PowerPath for AIX : Possible Data Unavailable (DU) / host crash during a firmware upgrade on Dell Compellent Arrays

           

   Article Number:     538106                                   Article Version: 2     Article Type:    Break Fix 
   

 


Product:

 

PowerPath for AIX

 

Issue:

 

 

Environment :    
    OS : AIX (any flavour)   
    DELL EMC Software : PowerPath for AIX (below PowerPath for AIX 7.0)   
    DELL EMC array : Dell Compellent array (any type - in virtual mode or in legacy mode)   
   
    If a SC controller reboot of a DELL Compellent array takes longer than 15 seconds, PowerPath is seeing an "ALL_PATHS_DEAD" situation.   
   
    Nota Bene : this KB doesn't apply to a connection to a DELL Compellent array through a VPLEX. For a similar issue in a VPLEX environment, see VPLEX: Possible Data Unavailable (DU) during a firmware upgrade on Dell Compellent Arrays.
                                                           

 

 

Cause:

 

 

   

      Dell Compellent Arrays failover process between controllers can take longer than 15 seconds. This is the timeout hard coded when "dynamic tracking" is enabled. This can potentially trigger an "ALL_PATHS_DEAD" situation for PowerPath for AIX since the other paths to the data are not yet available.     
            
      Dell Compellent Array Behavior:     
     
      Legacy mode :   

   

      There are two controllers in the Dell Compellent Array systems to handle front end connections from the host initiators. The controllers contain HBAs with multiple ports and each HBA is assigned to a separate fault domain so there is a redundant path to the Dell Compellent Array LUN from the host initiators.   Access to the target LUNs is distributed across both controllers, for example LUN 1,3,5, etc. are accessed via controller 1 and LUN 0,2,4, etc are accessed via controller 2.     
     
      In the event one controller is shutdown, or reboots, the front end virtual ports that reside on the controller that goes down, and are part of the fault domain, are transferred to the remaining controller and the host initiators establish sessions to the remaining controller. As a result all host initiator connections connect to the target LUNs via one controller rather than the previous distribution across both controllers. This failover mechanism, where LUNs are transferred from one controller to the other, can take up to 55 seconds. During that time, access to the device is rejected. This is causing an ALL_PATHS_DEAD situation.     
            
      Once the controller that rebooted has been restored, the system administrator of the Dell Compellent Array can then manually rebalance the front end ports and redistribute the load across both controllers.     
     
      Virtual mode :     
     
      There are two controllers in the Dell Compellent Array systems to handle front end connections from the host initiators but only 1 controller attached to the front end. Access to the target LUNs is done through one controller only.     
     
      In the event one controller is shutdown, or reboots, the front end virtual ports that reside on the controller that goes down, and are part of the fault domain, are transferred to the remaining controller and the host initiators establish sessions to the remaining controller. As a result all host initiator connections connect to the target LUNs via the second controllers. This failover mechanism, where LUNs are transferred from one controller to the other, can take up to 55 seconds. During that time, access to any device is rejected. If it takes more than 15 seconds(hard coded dynamic tracking timeout value), this is causing an ALL_PATHS_DEAD situation.     
     
      When the first controller goes down during the upgrade, initiators are disconnected and must login to the newly updated controller and that process can take longer than the 15 seconds (up to 60 seconds).   

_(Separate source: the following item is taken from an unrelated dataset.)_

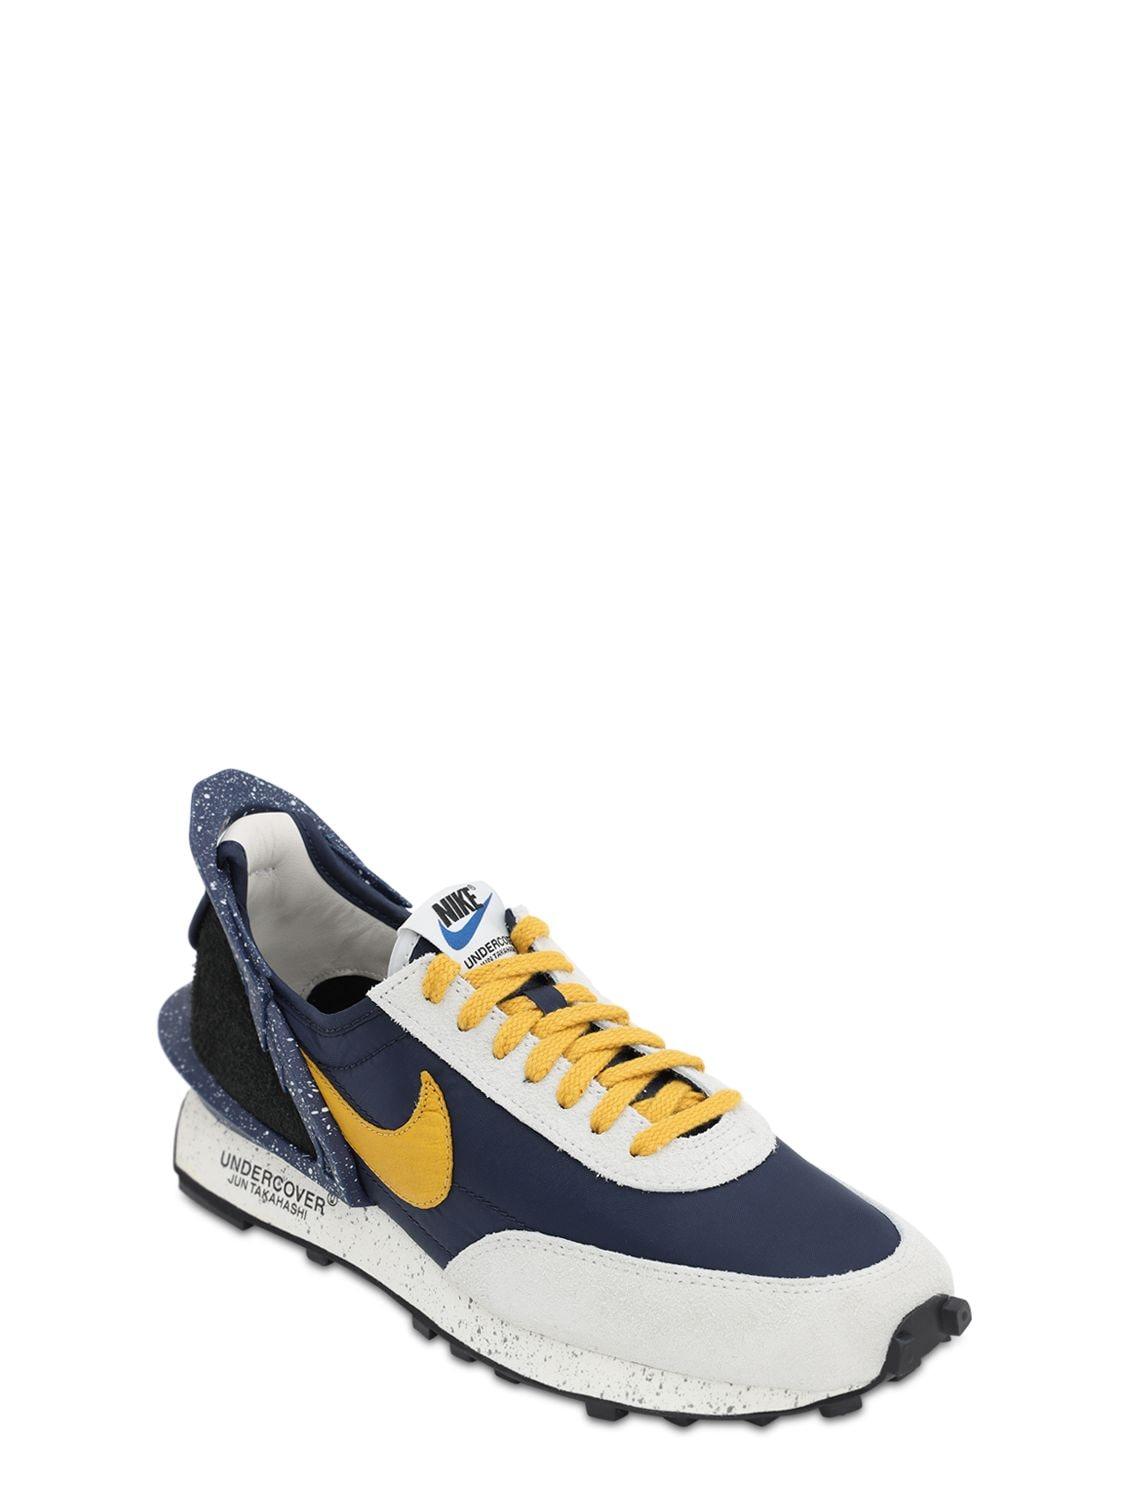 Nike Synthetic Daybreak / Undercover Sneakers in Blue/Gold (Blue) | Lyst

                                                             

 

 

Change:

 

 

DELL Compellent SC reboot / NDU                                                            

 

 

Resolution:

 

 

At the time of writing this article, there is no PowerPath Solution. PowerPath Engineering is considering how to take into account the DELL Compellent array behavior and the KB will be updated when plans are clear.   
   
    The only possibility for an AIX host connected to a Dell Compellent array to be sure to survive to a Dell Compellent NDU is to use MPIO together with the shim driver software developed by DELL Engineering and included in the "Dell Storage Software Suite for AIX" (https://www.dell.com/support/home/us/en/19/drivers/driversdetails?driverid=591xm)   
   
    Note that the failover time depends on the number of devices configured in the array, on whether or not clone are configured, on the activity, etc ... Very often, the failover will take less than 15 second and will be managed transparently.